Wann ist der optimale Zeitpunkt für eine Behandlung mit Laiba Top im Getreide?

Der optimale Anwendungszeitpunkt liegt in der Regel präventiv in den BBCH-Stadien der Schossphase bis zur Blüte, sobald erste Infektionsbedingungen für Rostpilze oder Blattflecken vorliegen. Eine frühzeitige Behandlung schützt das ertragsrelevante Fahnenblatt und nutzt den physiologischen Greening-Effekt des Wirkstoffs optimal aus.

Wie wirkt sich der physiologische Greening-Effekt auf die Kultur aus?

Neben der fungiziden Wirkung beeinflusst Azoxystrobin die Physiologie der Kultur positiv. Es verzögert den Abbau von Chlorophyll, reduziert die stressbedingte Ethylenbildung und optimiert den Wasserhaushalt der Kultur. Dies führt oft zu einer verlängerten Assimilationsphase und kann die Ertragsleistung stabilisieren.

Kann Laiba Top auch bei hohen Temperaturen im Sommer appliziert werden?

Es wird dringend empfohlen, die Behandlung in den kühleren Morgen- oder Abendstunden durchzuführen. Bei Temperaturen über 25 °C und intensiver Sonneneinstrahlung steigt das Risiko von Spritzschäden (Phytotoxizität) auf den Blättern, insbesondere bei empfindlichen Gemüsekulturen, und die Wirkstoffaufnahme wird verschlechtert.

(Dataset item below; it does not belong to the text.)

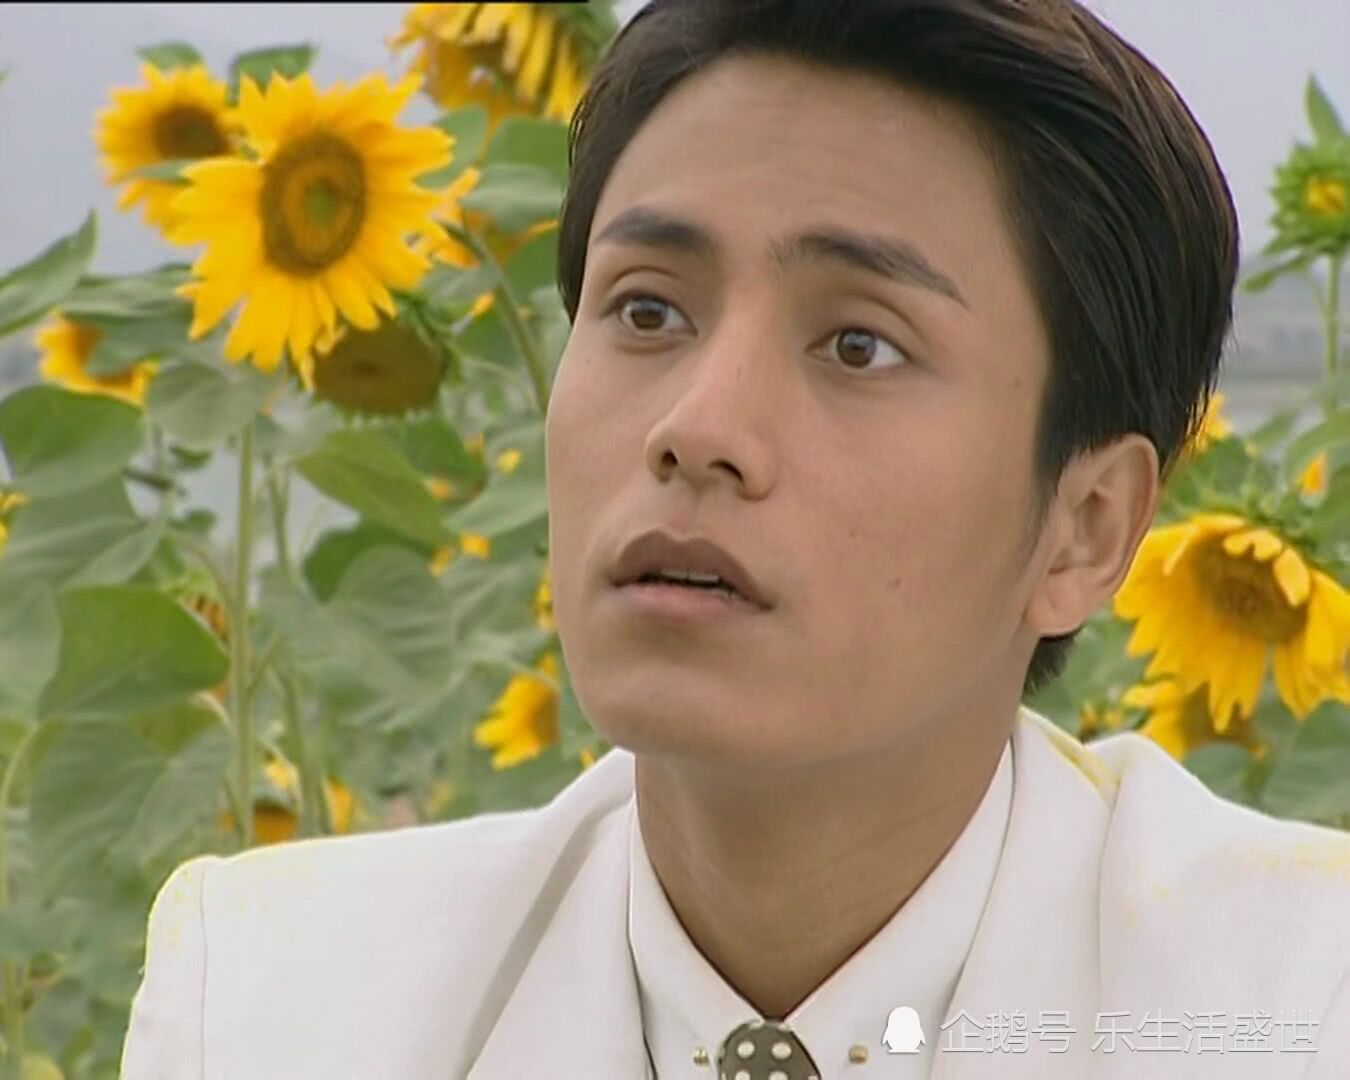 金粉世家:观赏向日葵时,为何冷清秋会独自离开花海?不愧是才女

Warum ist die Kombination mit anderen Wirkstoffen bei diesem Pflanzenschutzmittel so wichtig?

Da Azoxystrobin als Single-Site-Inhibitor nur an einer einzigen Stelle im Stoffwechsel des Pilzes ansetzt, können Schaderreger schnell Resistenzen entwickeln. Durch den Tankmischungspartner oder den gezielten Blockwechsel mit anderen Wirkstoffklassen (z. B. Triazolen) wird dieser Selektionsdruck effektiv minimiert.

Welche Rolle spielt die Wasserqualität bei der Zubereitung der Spritzbrühe?

Laiba Top ist als flüssiges Suspensionskonzentrat sehr stabil. Dennoch sollte für die Spritzbrühe sauberes Wasser mit einem neutralen bis leicht sauren pH-Wert verwendet werden. Extrem hartes oder stark alkalisches Wasser kann die physikalische Stabilität der Mischung beeinträchtigen und die Wirkstoffaufnahme durch die Wachsschicht der Blätter verlangsamen.

Wie flexibel ist die Wartezeit bei den verschiedenen zugelassenen Kulturen?

Die Wartezeit ist streng kulturabhängig und spiegelt die unterschiedlichen Abbaugeschwindigkeiten und Erntezeitpunkte wider. Sie reicht von kurzen 7 Tagen bei bestimmten Gemüsekulturen bis hin zu 35 Tagen bei Getreide. Die genauen, für die jeweilige Kultur registrierten Wartezeiten müssen vor der Ernteplanung zwingend der Gebrauchsanleitung entnommen werden.